练的正是那本无名黄皮书上的所谓「霸道真气」。
这门真气,正如其名,霸道到了极点。与其说是真气,不如说是某种高放射性的核能,或者是肆虐的洪水。它不讲究循序渐进,不讲究温养经脉,唯一的特点就是——强横。
此刻,范闲体内的真气失控了。
作为拥有现代人灵魂的范闲,他其实一直很谨慎。但今晚,或许是因为白天在悬崖上看到了那个「即使残废也想保护自己」的哥哥,范闲的心乱了。
「我要变强。五竹叔不靠谱,老哈(哈利波特,指哥哥)腿又残,我要是不强,谁来保护这个家?」
这份急切的心情,成为了霸道真气失控的导火索。
原本在经脉中按照特定路线运行的真气,突然像是一列脱轨的高铁,轰鸣着冲出了既定的轨道。它们咆哮着撞击着范闲脆弱的经脉壁,每一次撞击都让他感觉体内仿佛有无数把小刀在乱剐。
「唔……」
范闲死死咬住嘴唇,不敢发出声音,生怕惊动了隔壁院子里的哥哥和祖母。
痛。
钻心刺骨的痛。
他感觉自己的后背仿佛被火烧着了,那是「霸道真气」正在冲击后背的脊柱大龙。一旦失守,轻则半身不遂,重则当场爆体而亡。
「完了……这回真的要玩脱了……」
范闲的意识开始模糊,眼前的黑暗中出现了五彩斑斓的光斑。他试图呼唤五竹,但他现在连动一根手指的力气都没有,喉咙里更是充满了血腥味。
就在范闲以为自己要成为史上死得最窝囊的穿越者时,房门被轻轻推开了。
没有脚步声。
甚至没有风声。
只有一个修长的身影,像是融入了夜色一般,无声无息地来到了床前。
来人正是范墨。
此时的他,没有坐那辆标志性的紫檀木轮椅,而是稳稳地站立着。月光透过窗棱洒在他身上,将他的影子拉得极长。他的脸上没有平日里那种温和无害的笑容,取而代之的是一种绝对的冷静与专注。
「急功近利,心浮气躁。」
范墨看着床上痛苦挣扎的范闲,轻轻叹了口气,「这霸道真气乃是绝世心法,但也最是凶险。
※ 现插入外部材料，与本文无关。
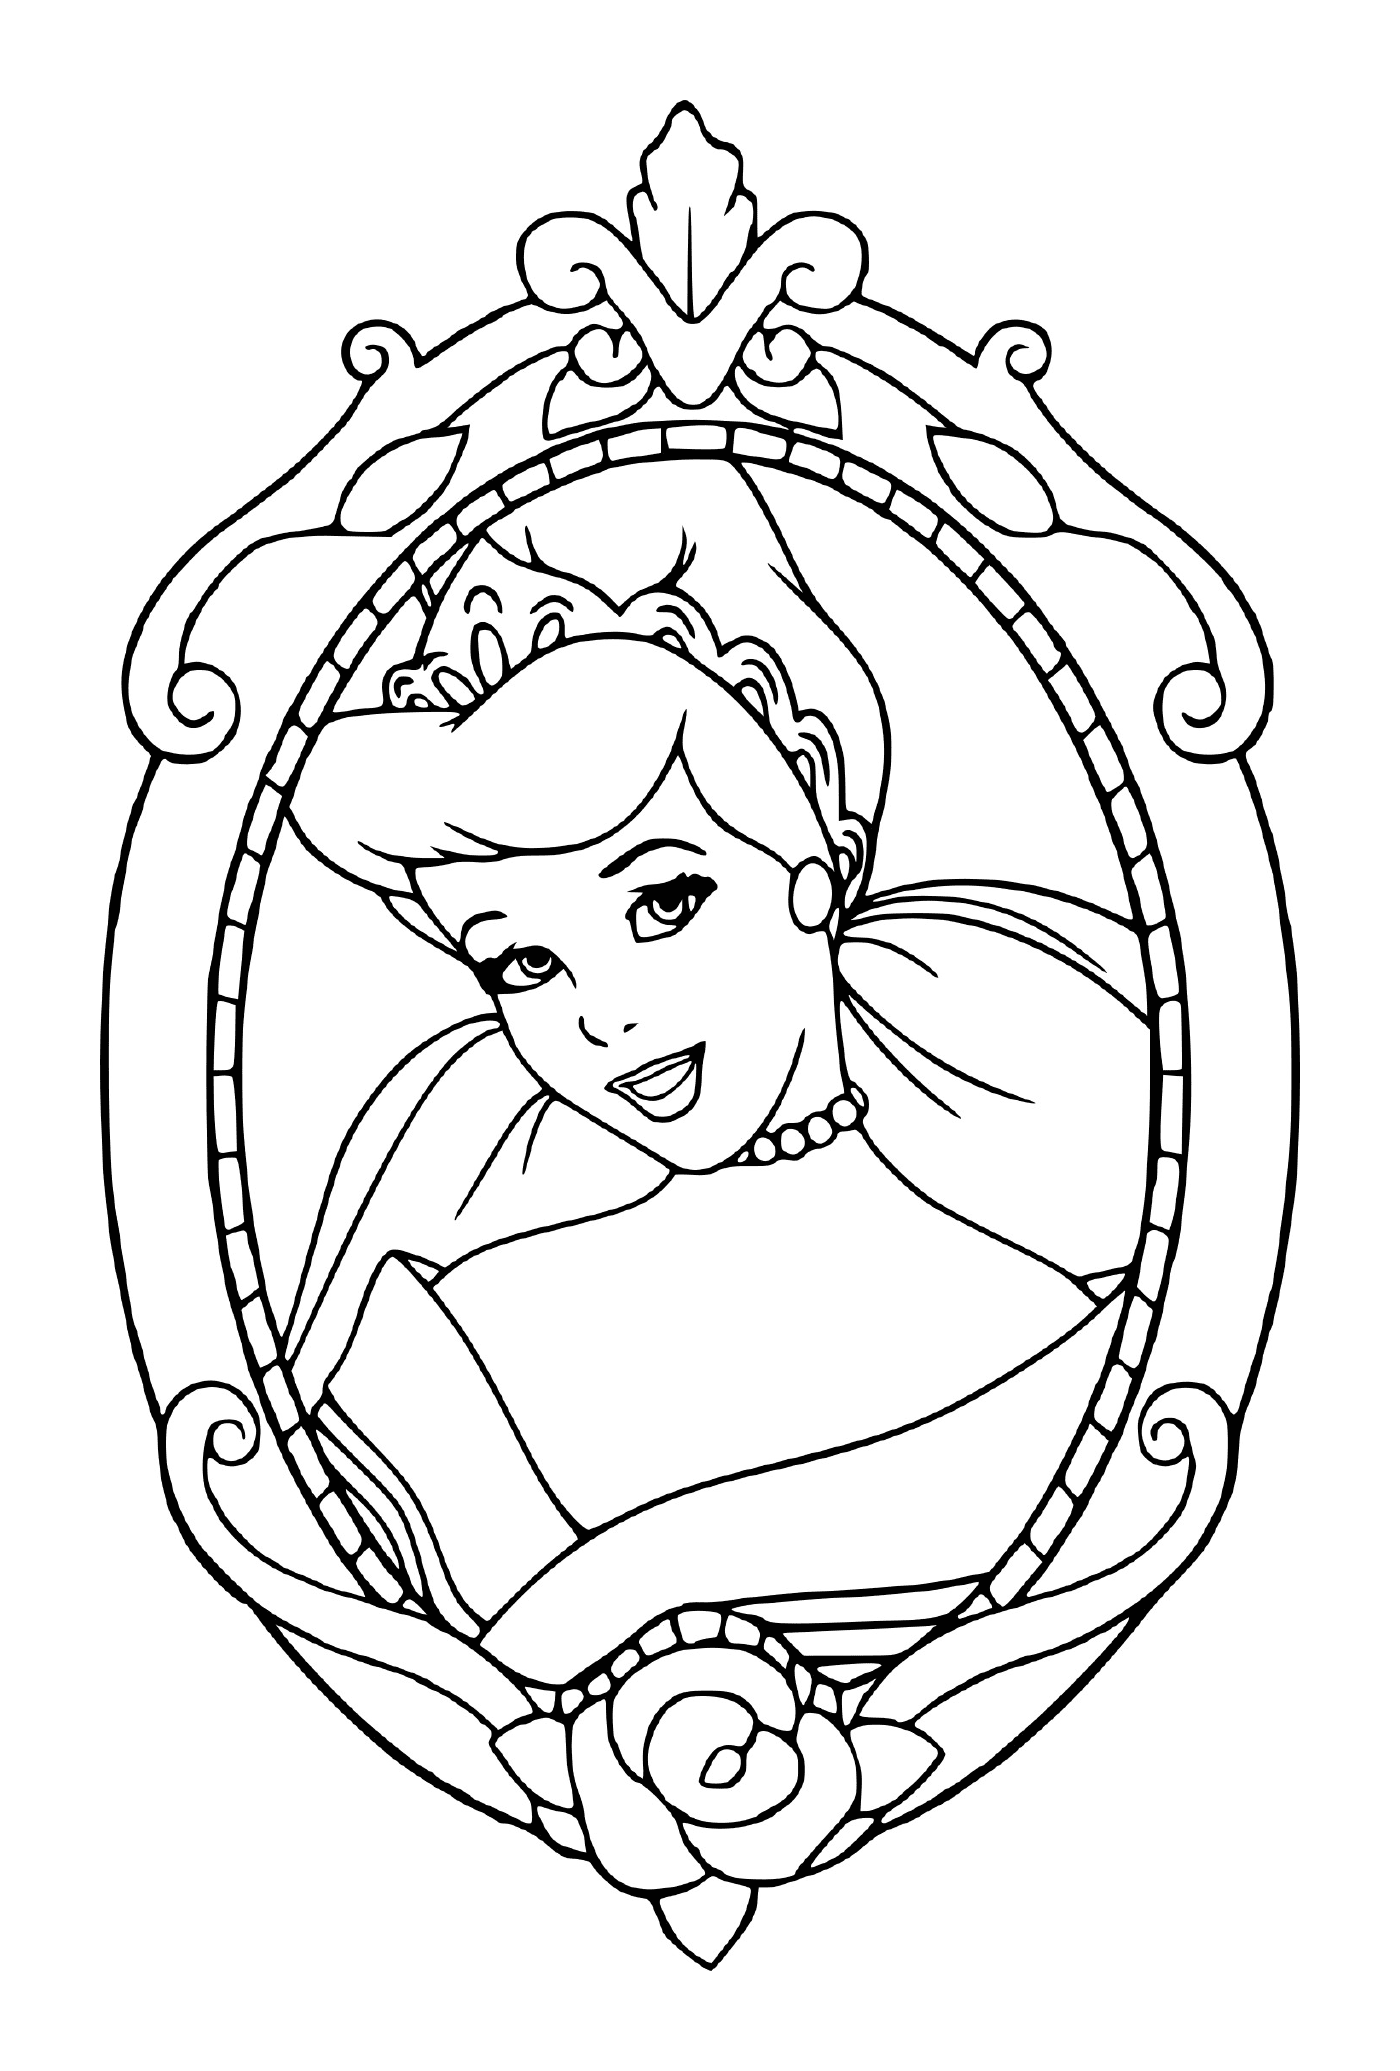  Gerahmtes Porträt von Cinderellas Gesicht

若无大宗师护法,你也敢强行冲关?」
若是范闲此刻清醒,听到这句话一定会吓得跳起来——那个连路都走不稳的哥哥,此刻竟然对他体内的情况了如指掌。
范墨缓缓伸出右手。
那只手修长丶苍白,在月光下泛着如玉般的光泽。
并没有什麽惊天动地的声势,他只是随意地将食指点在了范闲的眉心处。
【系统启动:内力同调模式】
【当前功法:神照经(圆满境)】
【目标状态:真气紊乱,经脉受损度35%】
嗡——
一股与霸道真气截然不同的力量,顺着范墨的指尖涌入了范闲的体内。
如果说范闲体内的霸道真气是肆虐的洪水,那麽范墨注入的这股力量,就是包容万物的大海,是滋养万物的春雨。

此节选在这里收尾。